Designing for Performance: Memory and CPU best practices for Skylake/Xeon Scalable processors

Designing for Performance: Memory and CPU best practices for Skylake/Xeon Scalable processors

A big part of designing effective, scalable compute environments is understanding and applying basic performance concepts around your applications, in accordance with Intel CPU and memory selection and configuration best practices. This article will focus on virtualized workloads, since they are most common, and there’s more variables to plan against.

Understanding Requirements

Questions you should be asking before embarking on this journey:

  • What is your current virtual to physical core over-subscription rates, and how is observed ready time and application performance indicating if it should be lower or higher?
  • Do you have established benchmark baselines from current or previous hardware?
  • How does your application function, and does it benefit more from a scale-up or scale-out approach?
  • Do you have licensing, security, or functional restrictions on use that require partitioning different workloads to different clusters?
  • What are your target subscription rates (eg % utilized), n x redundancy targets, and operational agility needs (think patching/update frequency).

Memory Population Guidelines

Once you understand what you’re trying to build towards, it’s time to select the ideal memory layout for you. Xeon Scalable processors in particular have a total of 6 channels per processor socket. Last year’s Intel v4 procs were 4, comparatively. This means for 2-socket boxes (most common), you should be procuring memory in sets of 12 identical DIMMs each, with a maximum of 24 per server (varies by make/model, be careful!). For servers with 4 sockets, memory should be populated in minimum sets of 24, with a maximum of 48. Following this theme, what are the common resulting configurations in a 2-socket configuration?

  • 96GB = 12x8GB
  • 192GB = 12x16GB
  • 288GB = 12x16GB 12x8GB
  • 384GB = 24x16GB or 12x32GB
  • 480GB = 12x32GB 12x8GB
  • 576GB = 12x32GB 12x16GB
  • 768GB = 24x32GB

Note: Most people aren’t purchasing 64GB DIMMs quite yet outside of specialized workloads or high density deployments yet because they haven’t come close enough to price parity with 2x 32GB DIMMs, but there’s nothing stopping you from following this format for any memory configuration your heart desires.

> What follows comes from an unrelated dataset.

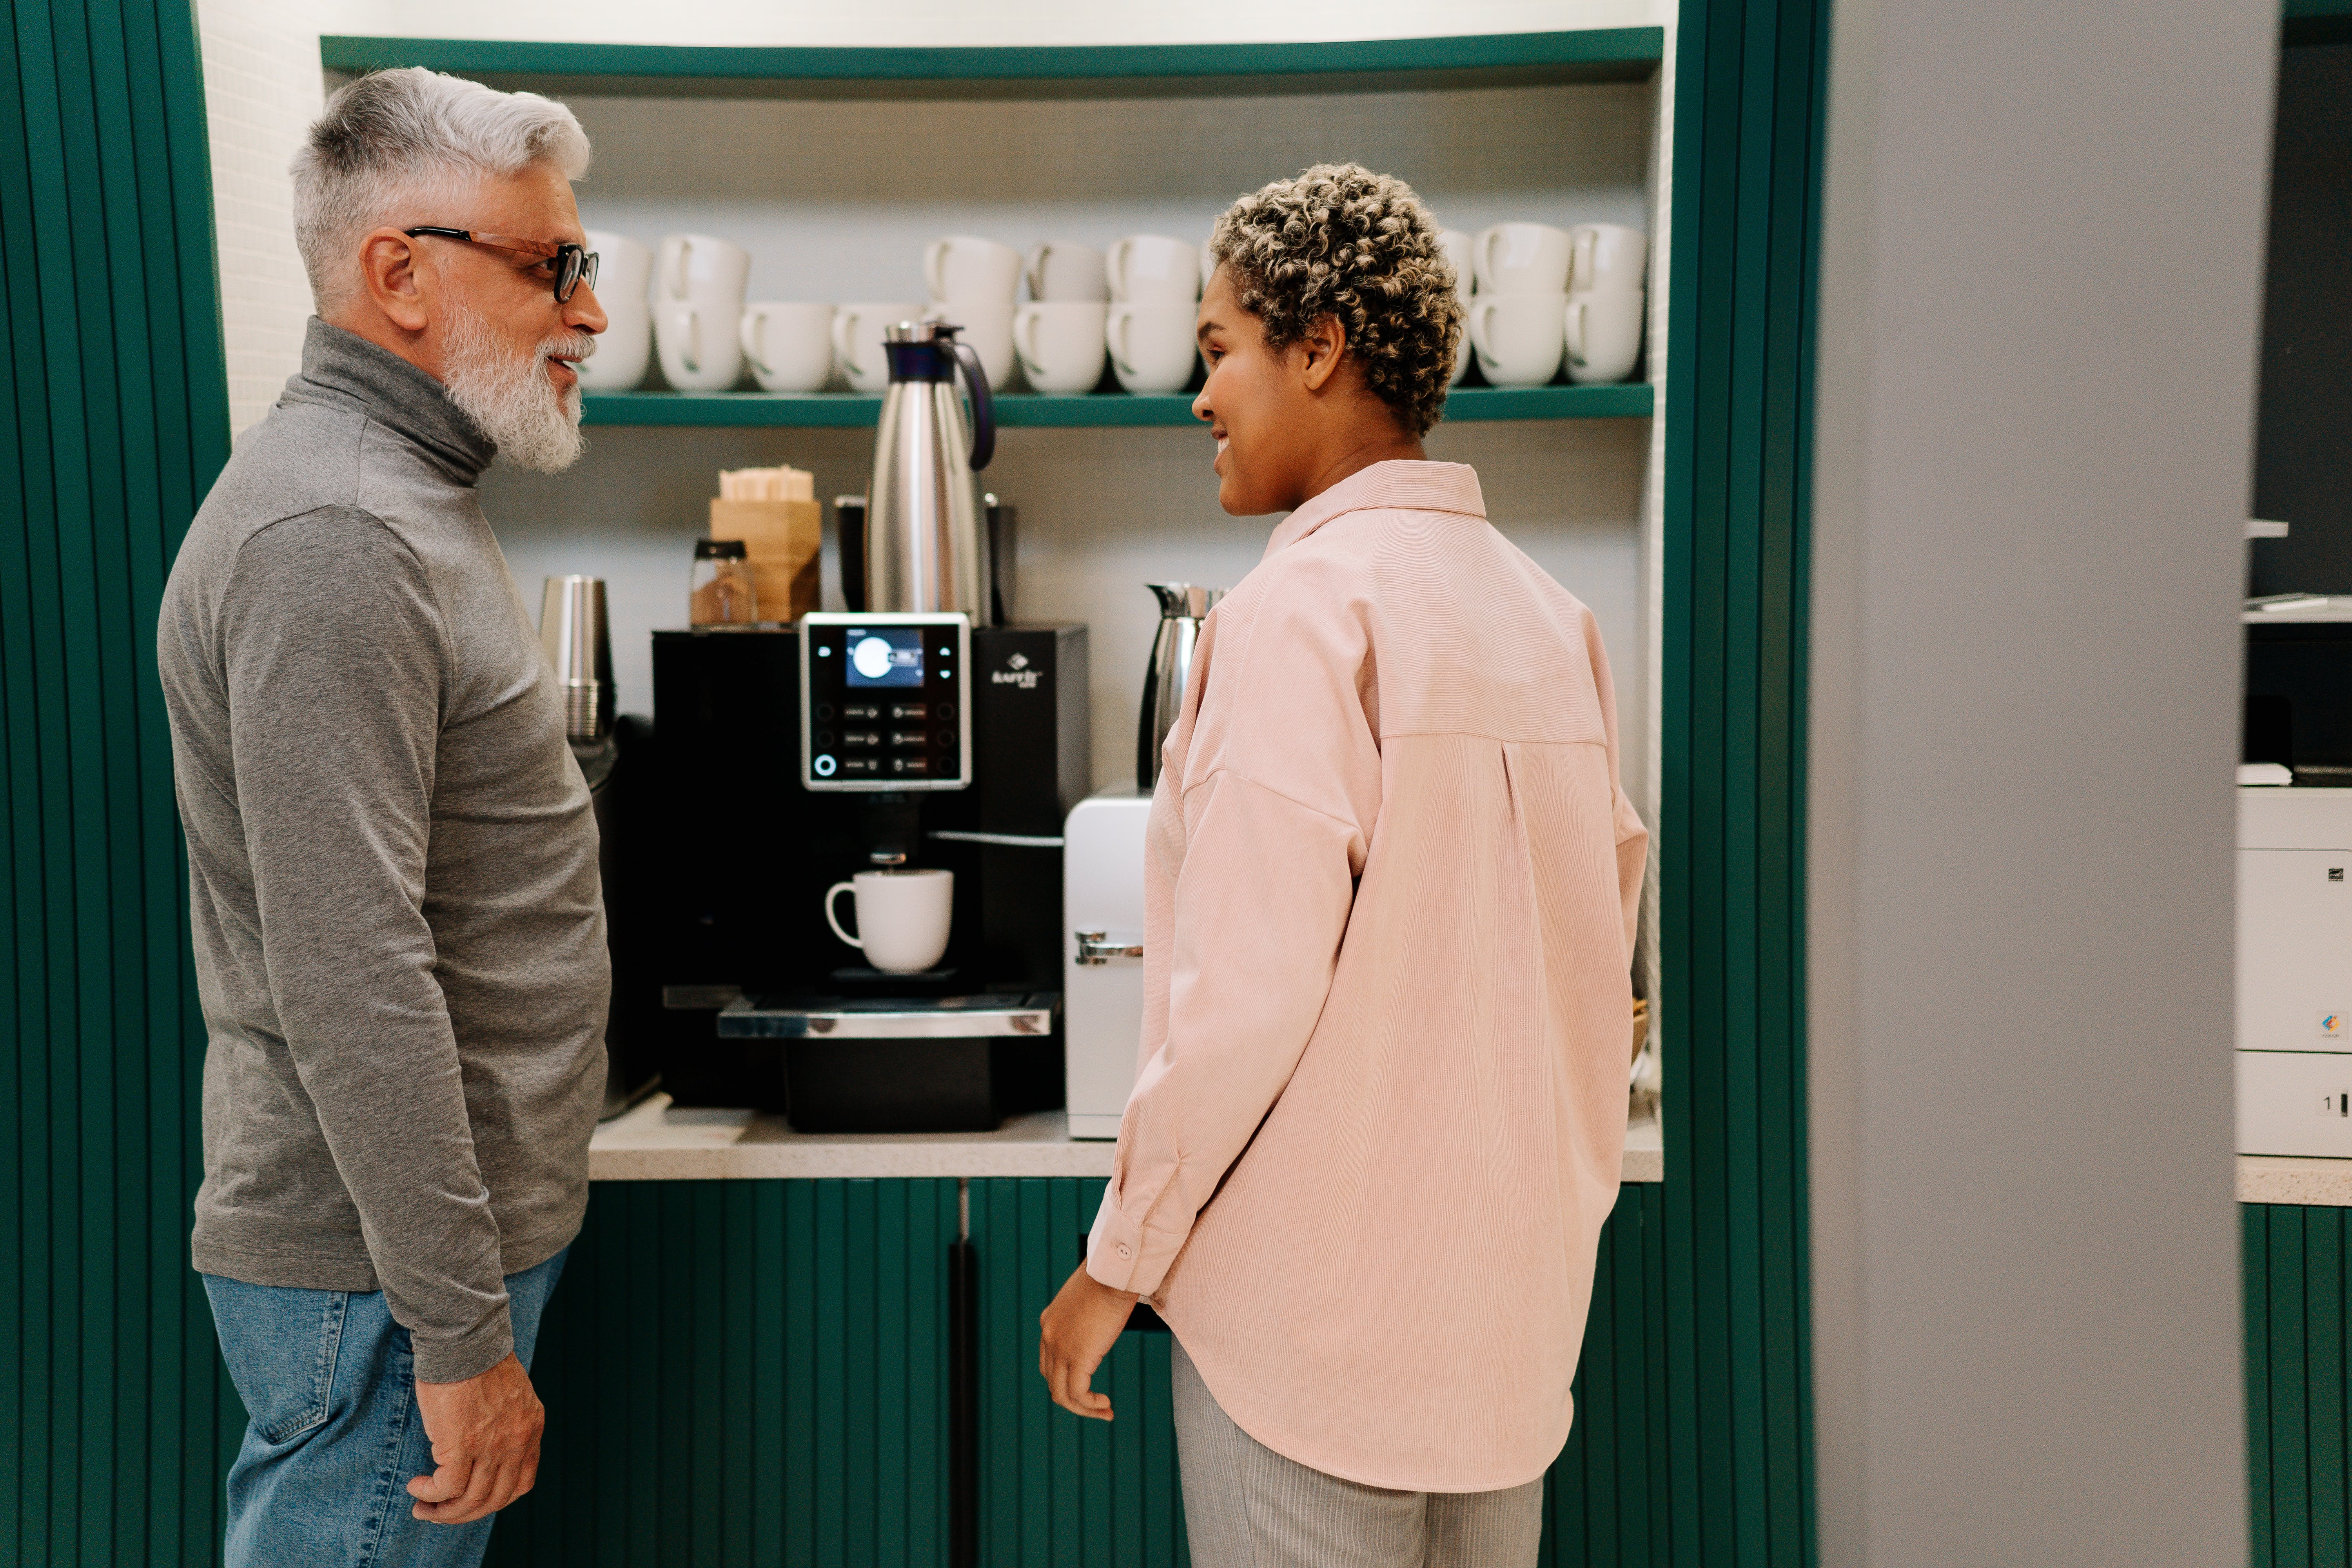 An older man talking to a younger woman while standing in front of a coffee machine | Source: Pexels

Recognize you’re not seeing previously common configurations of 256GB, or 512GB? If you’re being quoted a 2-socket Skylake/Xeon Scalable processor configuration and see those capacities, it means you’re forgoing 1/3rd of your memory bandwidth because only 4/6 channels are in use per processor. You may not notice it, but you’re being shortchanged nonetheless! This causes real, measurable performance differences at the application layer between properly configured and reduced memory servers, especially for workloads that churn on memory IO like databases or large memory-hungry apps.

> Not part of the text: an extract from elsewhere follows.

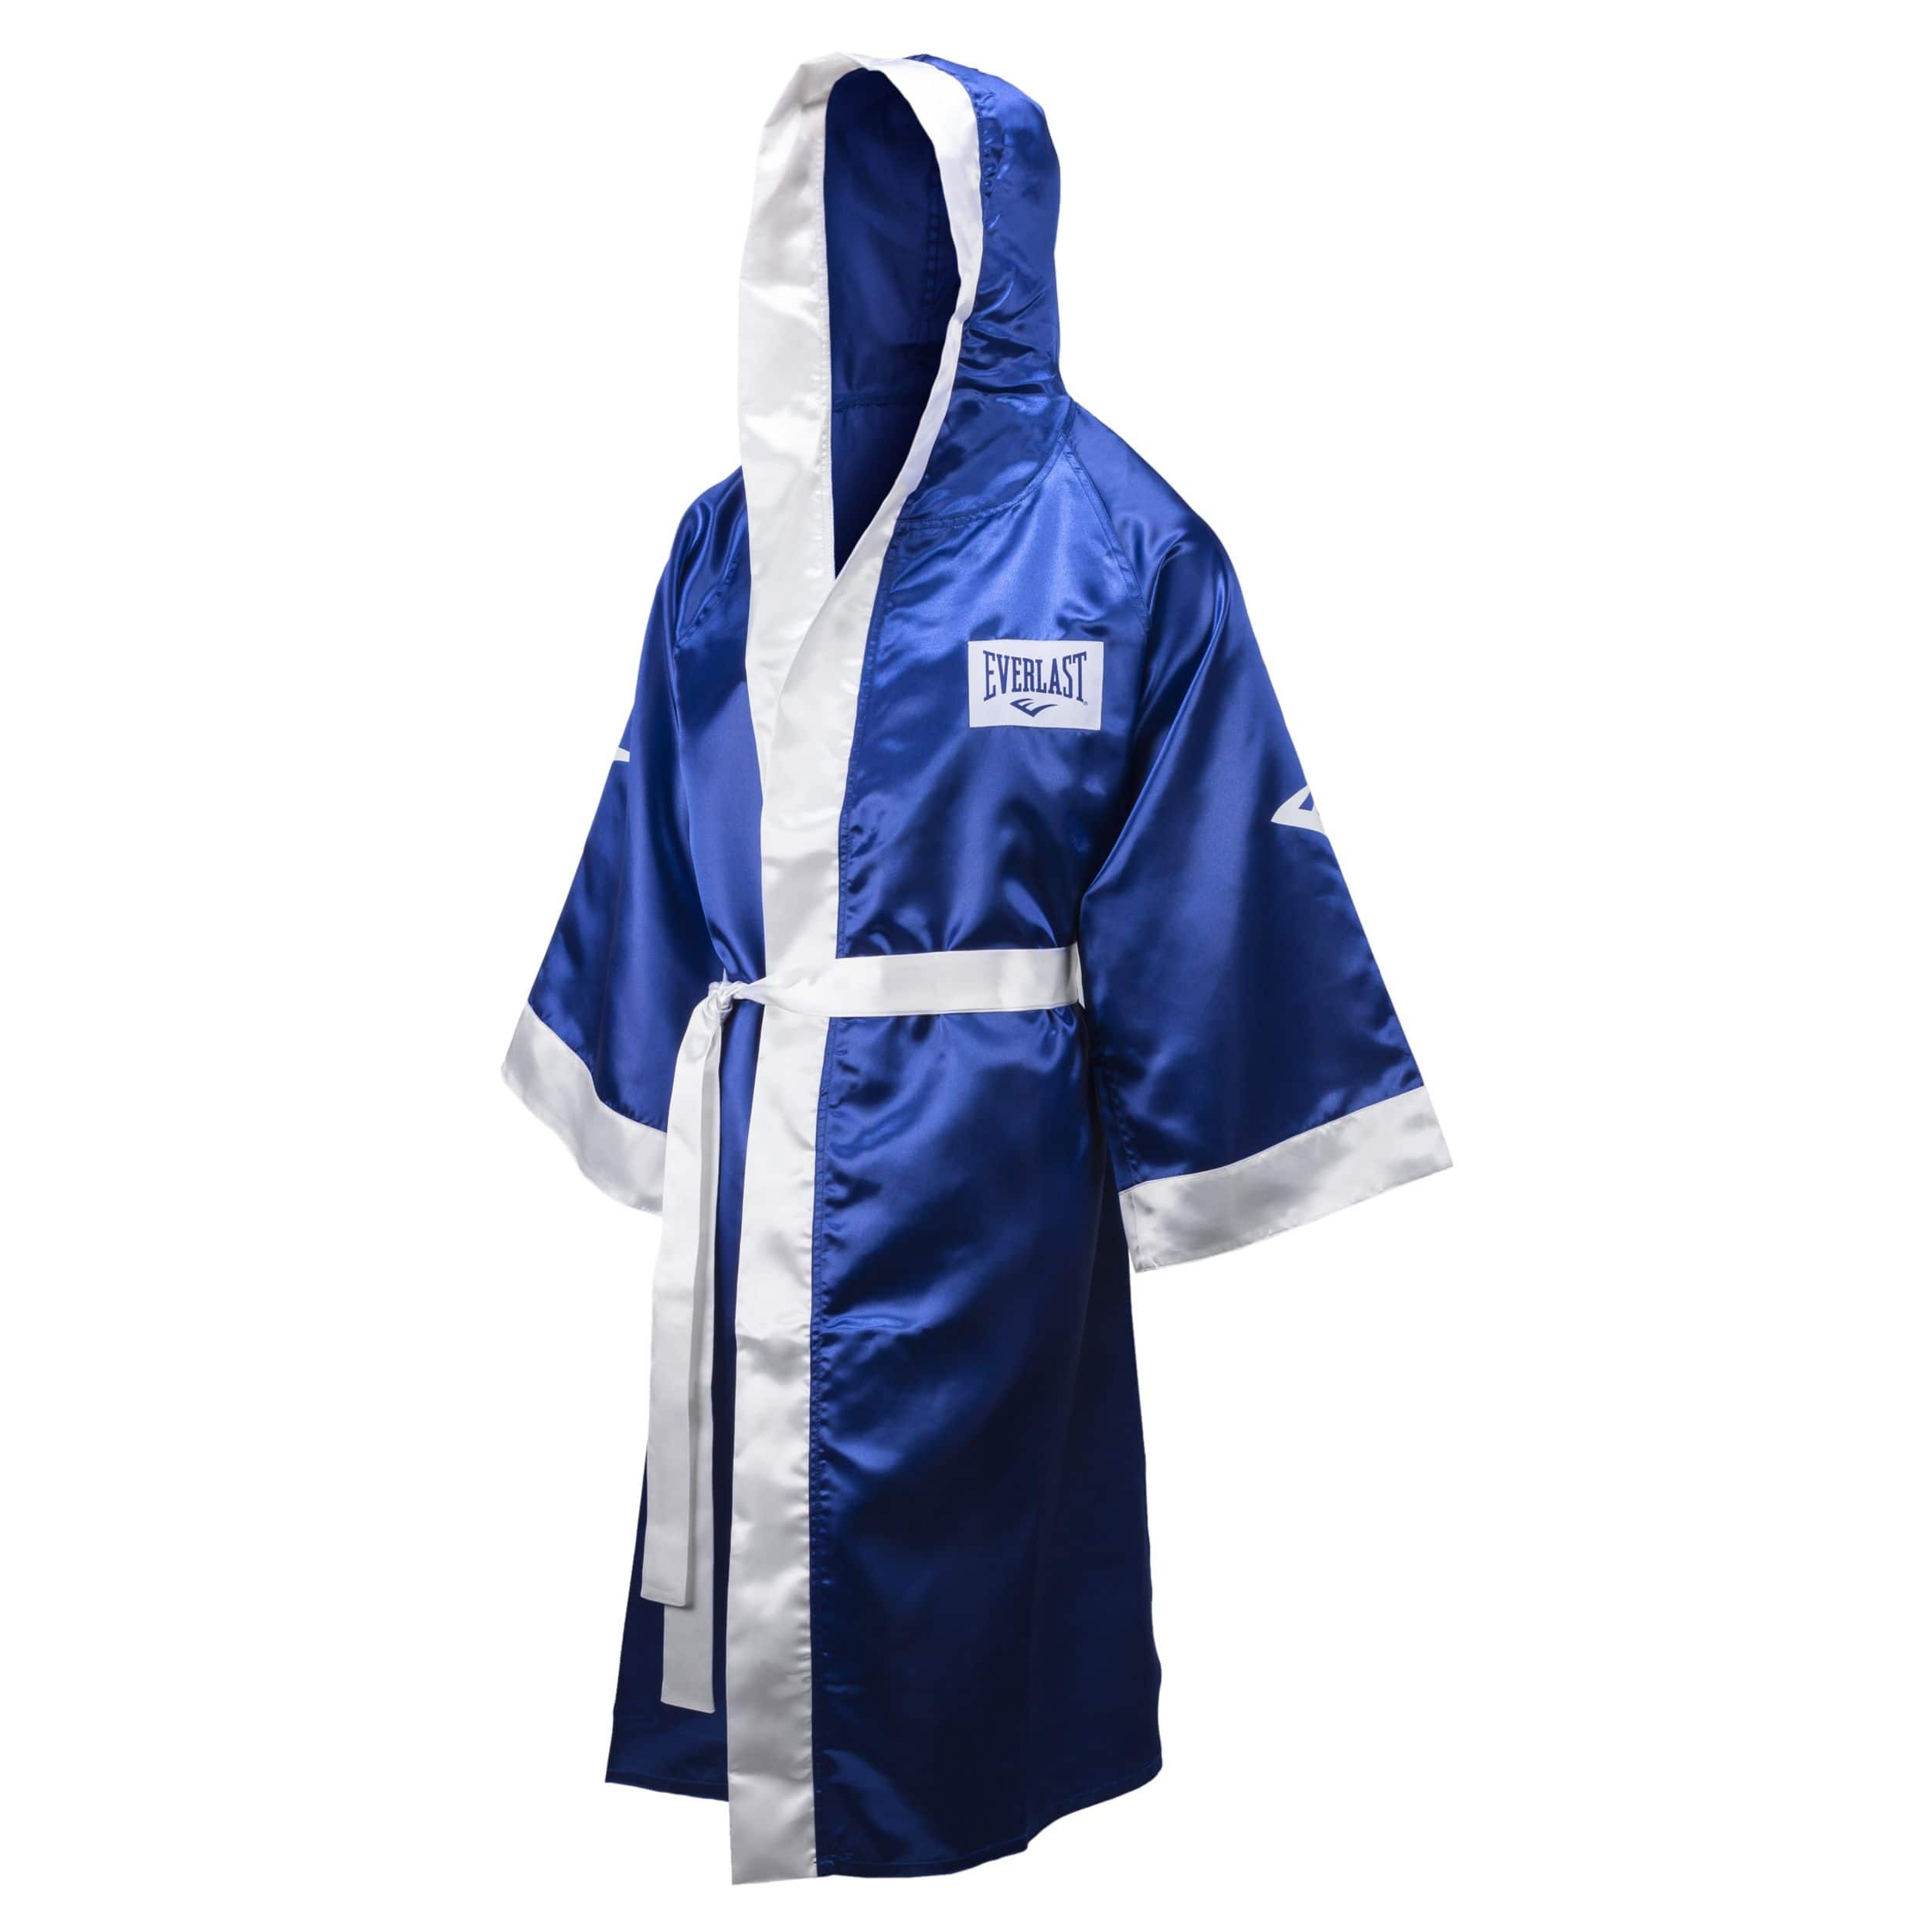 How to Make a Boxing Robe

Ok, so why should we populate in increments of 6 per processor if it’s not hard and fast required? Think of a processor’s access to memory as RAID 0. If you complete a full bank of DIMMs, you’re effectively spreading access and throughput across the channels in a near-linear format. Rough math tells us that 1 DIMM per processor would yield 1/6th of the bandwidth. 4 would yield us 4/6th, and so on. The only notable exception of this rule is 5/6 DIMMs populated – which causes a dramatic cliff of performance before hitting 6/6.

Dell has always maintained impeccable memory studies on every recent generation of hardware released, and is a highly encouraged read. These findings are universal for the majority of server configurations as they all share a common Intel architecture. http://en.community.dell.com/techcenter/high-performance-computing/b/general_hpc/archive/2018/01/31/skylake-memory-study

Credit: Dell

Figure 1 above provides a visual explanation of relative memory bandwidth by population, and there’s a wealth of other information located on the page as well including various advanced concepts.

CPU Selection Guidelines

Next up, it’s time to understand processor options. Here’s where there’s no simple formula and we need to apply a bit more contextual analysis than simply meeting capacity requirements. The Xeon Scalable processor family currently has 35 (!) unique processor models (excluding some derivatives) and they have a wide range of speeds and capacities:

  • 4 to 28 cores per socket
  • 1.7Ghz to 3.6Ghz base frequency
  • Different memory speeds, hyperthreading, cache, etc.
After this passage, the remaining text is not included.